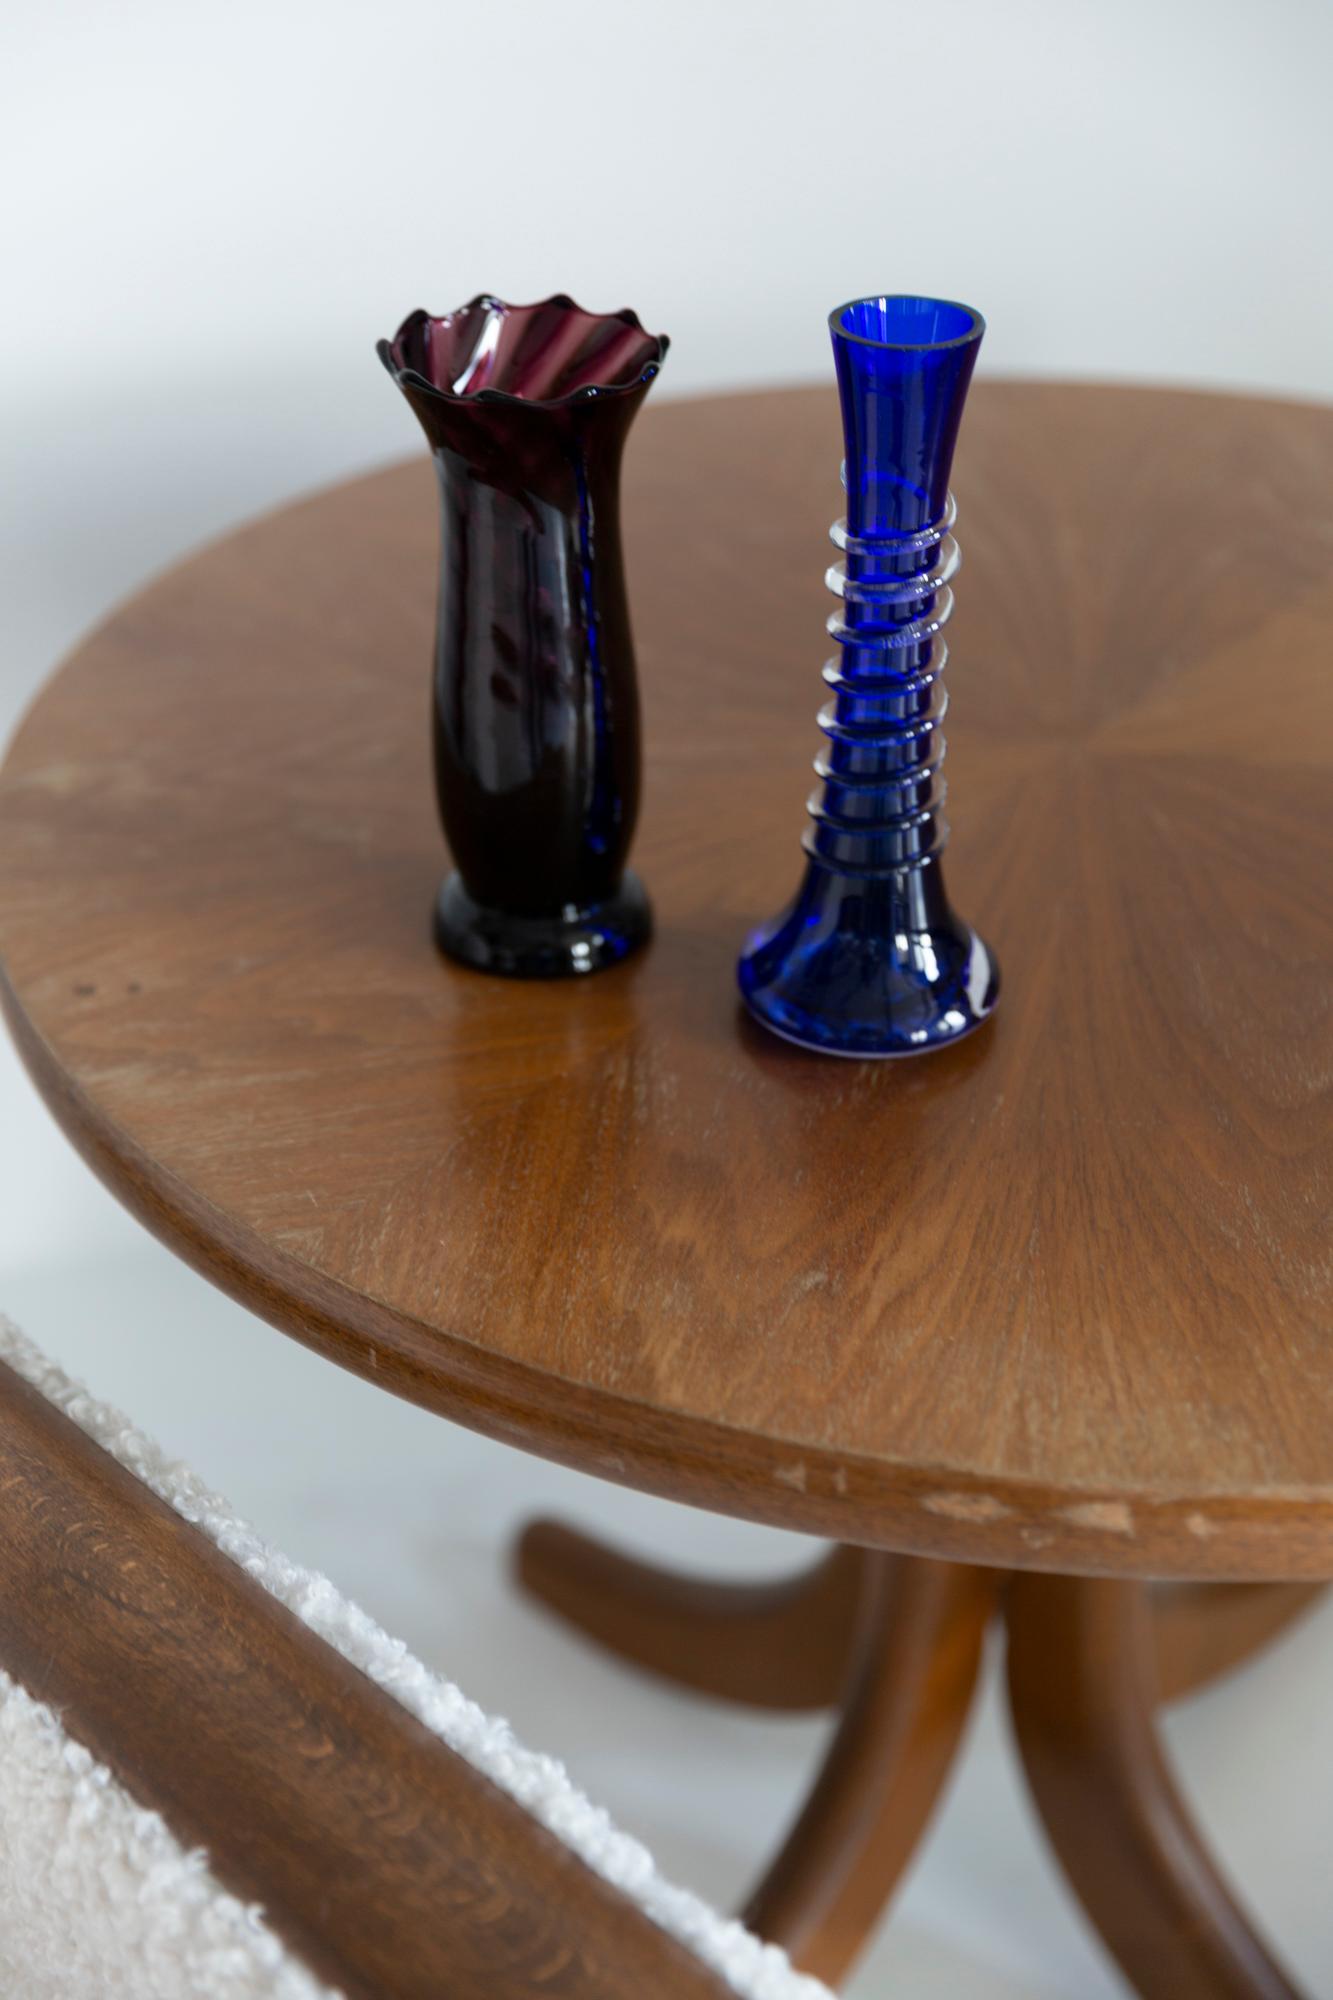 Deep red burgundy vase in amazing organic shape. Produced in 1960s.
Glass in perfect condition. The vase looks like it has just been taken out of the box.

No jags, defects etc. The outer relief surface, the inner smooth. Thick glass vase,

Problem statement: An exact copy of the listing is required, excluding any pictures.

Solved exercise:
 Deep red burgundy vase in amazing organic shape. Produced in 1960s.
Glass in perfect condition. The vase looks like it has just been taken out of the box.

No jags, defects etc. The outer relief surface, the inner smooth. Thick glass vase,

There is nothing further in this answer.